18. In her letters to Nelson Algren she deems Carson McCullers too womanly, and compares Edith Wharton (despite admiration for her) unfavourably with Hardy (Citation1998, 111). In The Second Sex, she seemed to be claiming that a silk purse (‘genuine’ transcendence) can never be made of the sow's ear, associated by Beauvoir with the category of immanence. For example, there may be a limitation to the creativity or novelty to be found if the problem of gender remains an overriding concern for women, even in the context of protest, resistance, or fine literature. Apart from the obvious irony that The Second Sex might be prone to this limitation, notice that the intention of an agent to critique, resist, create or innovate is greatly de-emphasised in its significance for Beauvoir.

19. On the other hand, Beauvoir had a great rhetorical flair for the depiction of that repetition; the passage on the manically and hopelessly sweeping housewife is rightly famous (1988, 470, 1989, 451, 1949, vol. 2, 235).
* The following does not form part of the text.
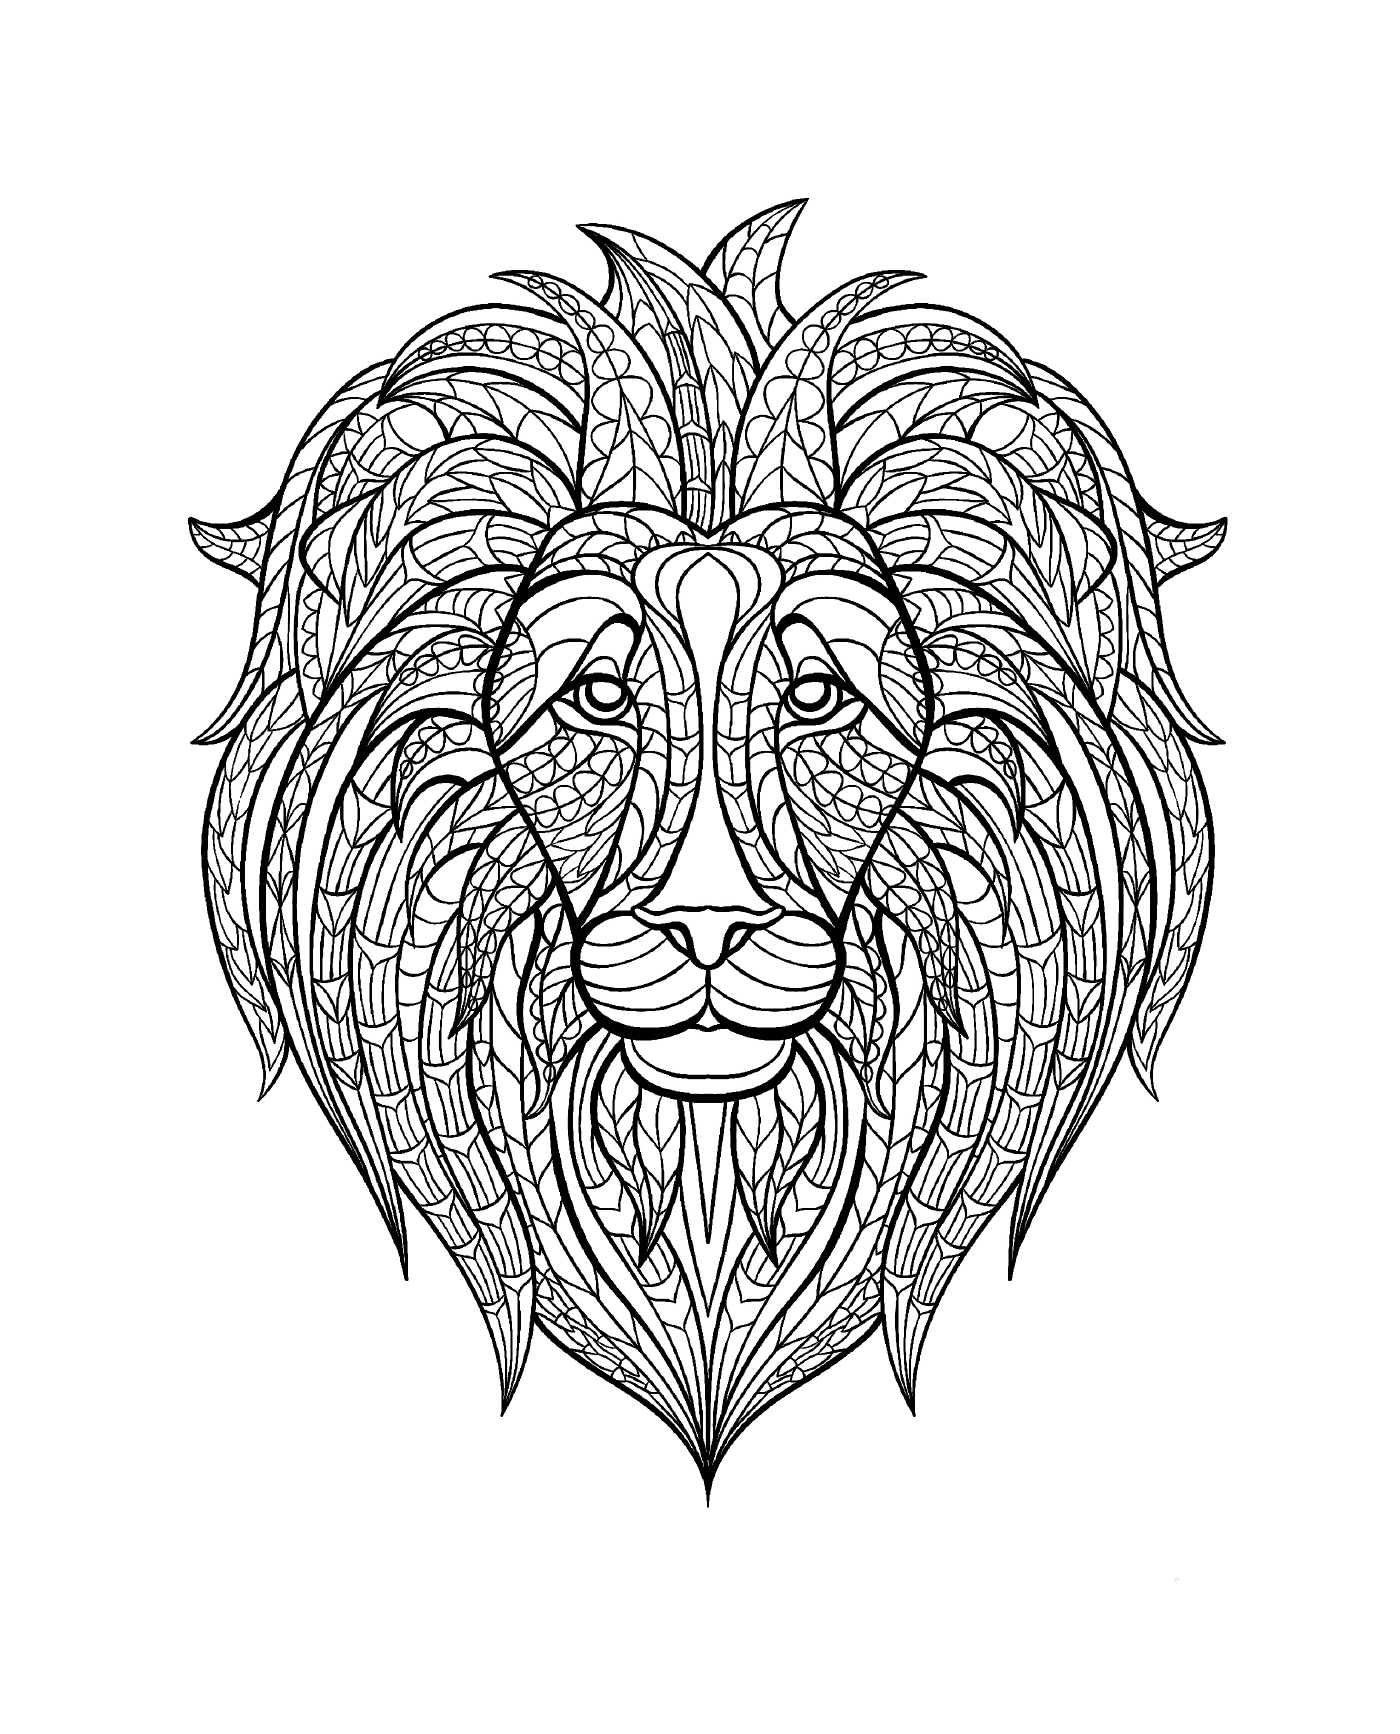  Голова льва с рисунком на лице

We can add the question of what makes repition to Michéle le Doeuff's observation about The Second Sex that ‘by listening to the text carefully enough to hear in the author's tastes and dislikes, we realise that the thing that she perhaps hates the most in women's position is the type of repetative life associated with it’ (Le Doeuff Citation1991, 92).

20. She tends not to look for transformation, modification, differentiation or dislocation in repetition, as would, through their various means, a contemporary theorist such as Deleuze, Derrida or Butler. It is repetition as repetition, the repetitive nature of repetition, that preoccupies and disturbs her.

21. One that is striking, unlike, for example, the treatment of dislocating repetition by Judith Butler. Discussing ‘the rules that govern intelligible identity’, Butler argues that they ‘operate through repetition’. Discussing signification relating to gender and sexuality as taking place ‘within the orbit of the compulsion to repeat’, allows Butler to associate agency with ‘the possibility of a variation on that repetition’. It is, according to Butler's well-known argument, because gender norms must be repeated that the possibility of their planned or unplanned gender subversion is inevitable and constant. This leads Butler into reflections on the nature of subversive repetition. See Butler (Citation1999, 185).